The existing functionality of MASST³ was utilized to create a workflow wherein MS/MS matches identified within the GFOP food reference dataset are reported and contextualized. The GFOP reference dataset contains untargeted metabolomics data acquired from over 3,500 food and beverage samples encompassing both human and animal dietary components. Each sample is associated with metadata to describe its characteristics, source, and preparation. Samples were also organized according to a custom ontology which, at the highest level, distinguishes between plant- or animal-based foods, algae, fungi, supplements, minerals, and animal feeds. The ontology is stored and managed using WebProtégé (Stanford University, California, USA), and can be viewed at https://webprotege.stanford.edu/#projects/23f59b5a-4c29-41df-b2d8-a2ea7282d912/edit/Classes. Each sample was labeled using the most specific ontology term based on the metadata provided (e.g., one sample might be classified as a red cherry tomato while another might be broadly classified as tomato).
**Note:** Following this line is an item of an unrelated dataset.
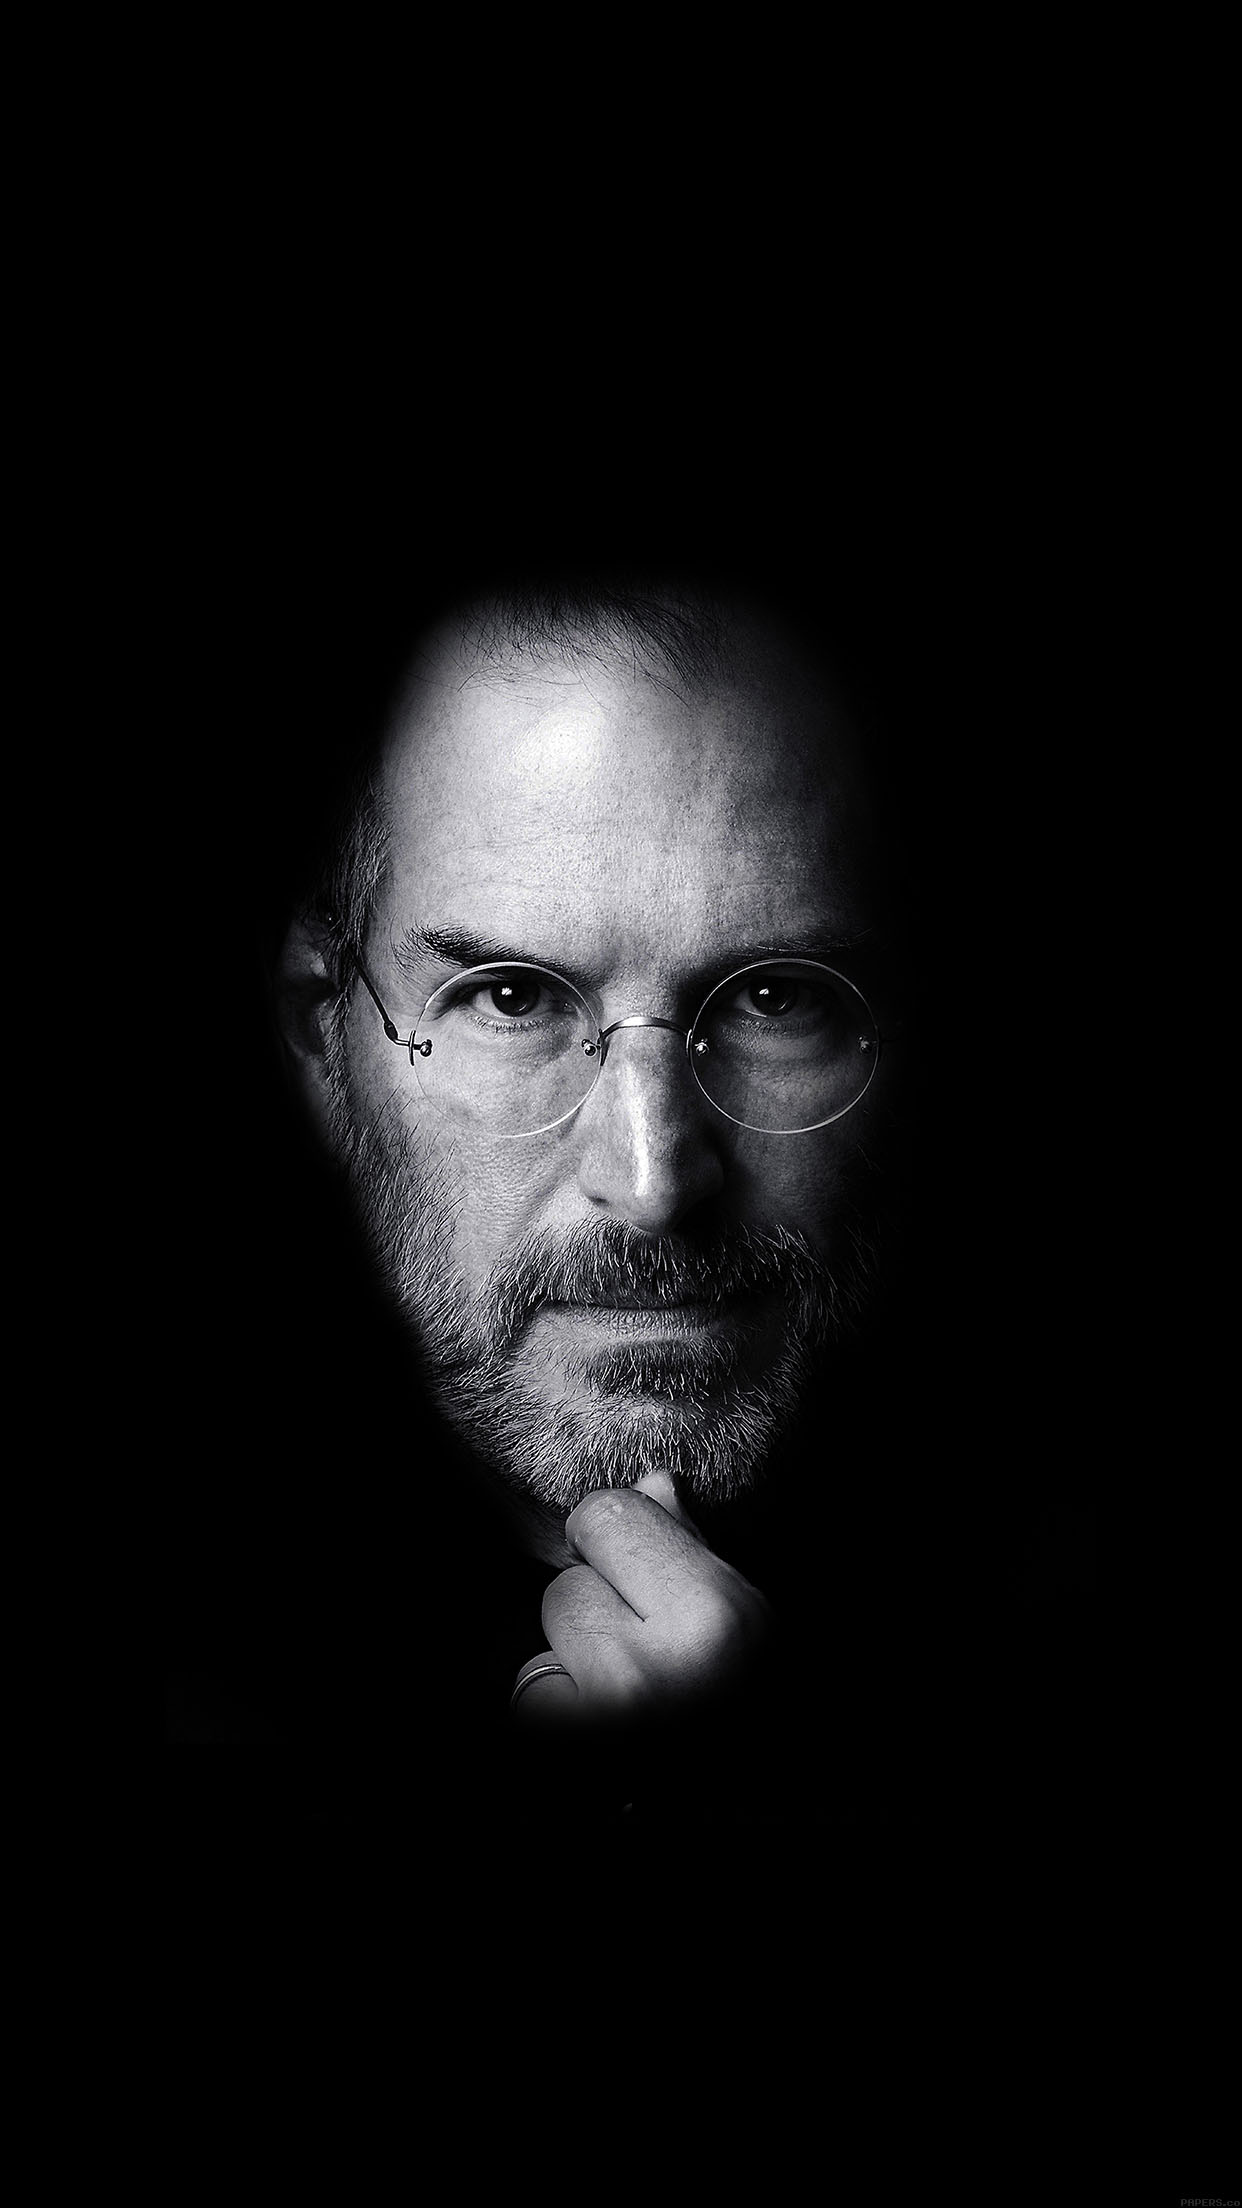 Steve Jobs Tribute Wallpaper For iPhone And Plus

To calculate the proportion of matches at every level of the ontology, each sample inherited all parent terms of its terminal label (e.g., terminal label: red cherry tomato; parent labels: cherry tomato, tomato, berry, fleshy fruit, fruit, plant). For every ontology term, the number of samples with that label and a spectral match to the query was divided by the total number of samples with that label. The GFOP ontology was combined with the foodMASST results and visualized in a tree structure using the D3.js library and code adapted from Rob Schmuecker (https://bl.ocks.org/robschmuecker).

Acknowledgments: This work was made possible with the support by the CCF foundation #675191, the U.S. National Institutes of Health 1U19AG063744, R01 GM107550, P41 GM103484 and R03 CA211211.

Author Contributions: PCD conceptualized the idea. JMG and KAW organized the data and metadata. KAW, JMG, RS, MW, PCD performed analysis. MW created the website. KAW, RS, MW developed the code. KAW and PCD wrote the manuscript.

Declaration of Interests: PCD is on the scientific advisory board for Sirenas and Cybele. PCD is a scientific advisor and co-founder of Enveda and Ometa LLC with approval by UC San Diego. MW is a consultant for Sirenas and Founder of Ometa LLC.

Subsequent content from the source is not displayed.